Wake up and good morning. Remember when Florida’s elected leaders used to stand up against the property insurance industry’s relentless drumbeat that higher rates were the only answer to “fixing” this state’s crumbling homeowners’ insurance problems? Even after what is four-plus years with no hurricanes, the insurance industry’s mantra is unchanged: We are not charging enough and woe to Florida when a big hurricane hits.
In the war of attrition, it’sFlorida insurance industry: 50. State government: 0. Even Gov. Charlie Crist, who built part of his “I want to be your governor” campaign on fighting property insurance demands for more, more, more has mentally moved on. And state legislators, increasingly pro-business, are too busy introducing measures to weaken state insurance regulation and give insurers more leeway in charging what they want. Welcome to government by attention deficit disorder.

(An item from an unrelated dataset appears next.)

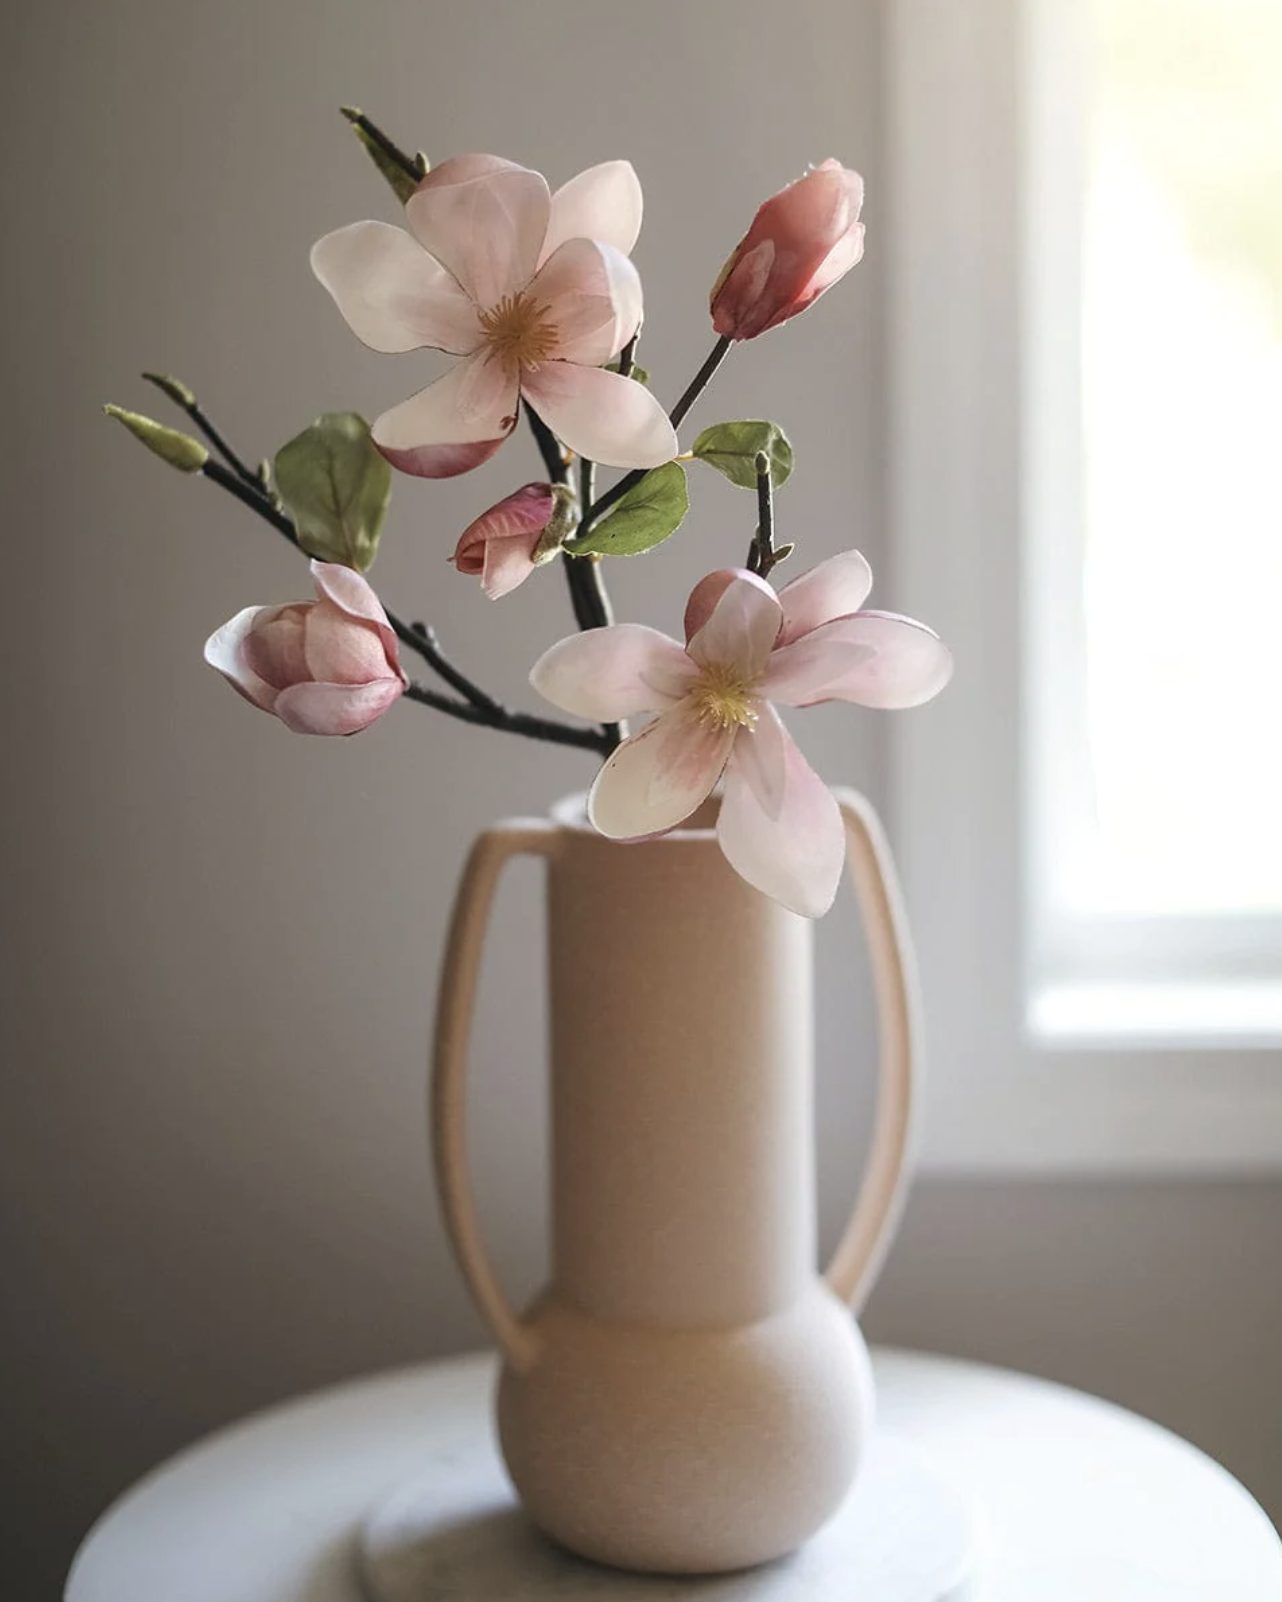 Faux Magnolias Pink Magnolia Blossoms in Pink Ceramic Vase

Which makes for an interesting historical backdrop to an analysis by the South Florida Sun Sentinel. The newspaper found that while Florida property insurers press state legislators to allow them to raise rates without regulator approval, citing losses in recent years, many are funneling fees and payments to unsupervised affiliates — money that could have been used as reserves against claims from storms. Here’s the key detail:
“A Sun Sentinel review of 26 Florida-based insurers found that the companies collectively reported a $87.8 million drop in claims-paying reserves last year and a $206.9 million underwriting loss, incurred when premiums don’t offset expenses.
“Yet, all but four paid a total of nearly $300 million last year to managing general agents, or MGAs, that were affiliates.”
The affiliates provide legitimate services to the Florida insurer — to a point. Critics say some of these payments are inflated. And once these funds end up with an affiliate, they can easily be funneled to the parent company which can do whatever it wants — including paying these funds out to shareholders as dividends.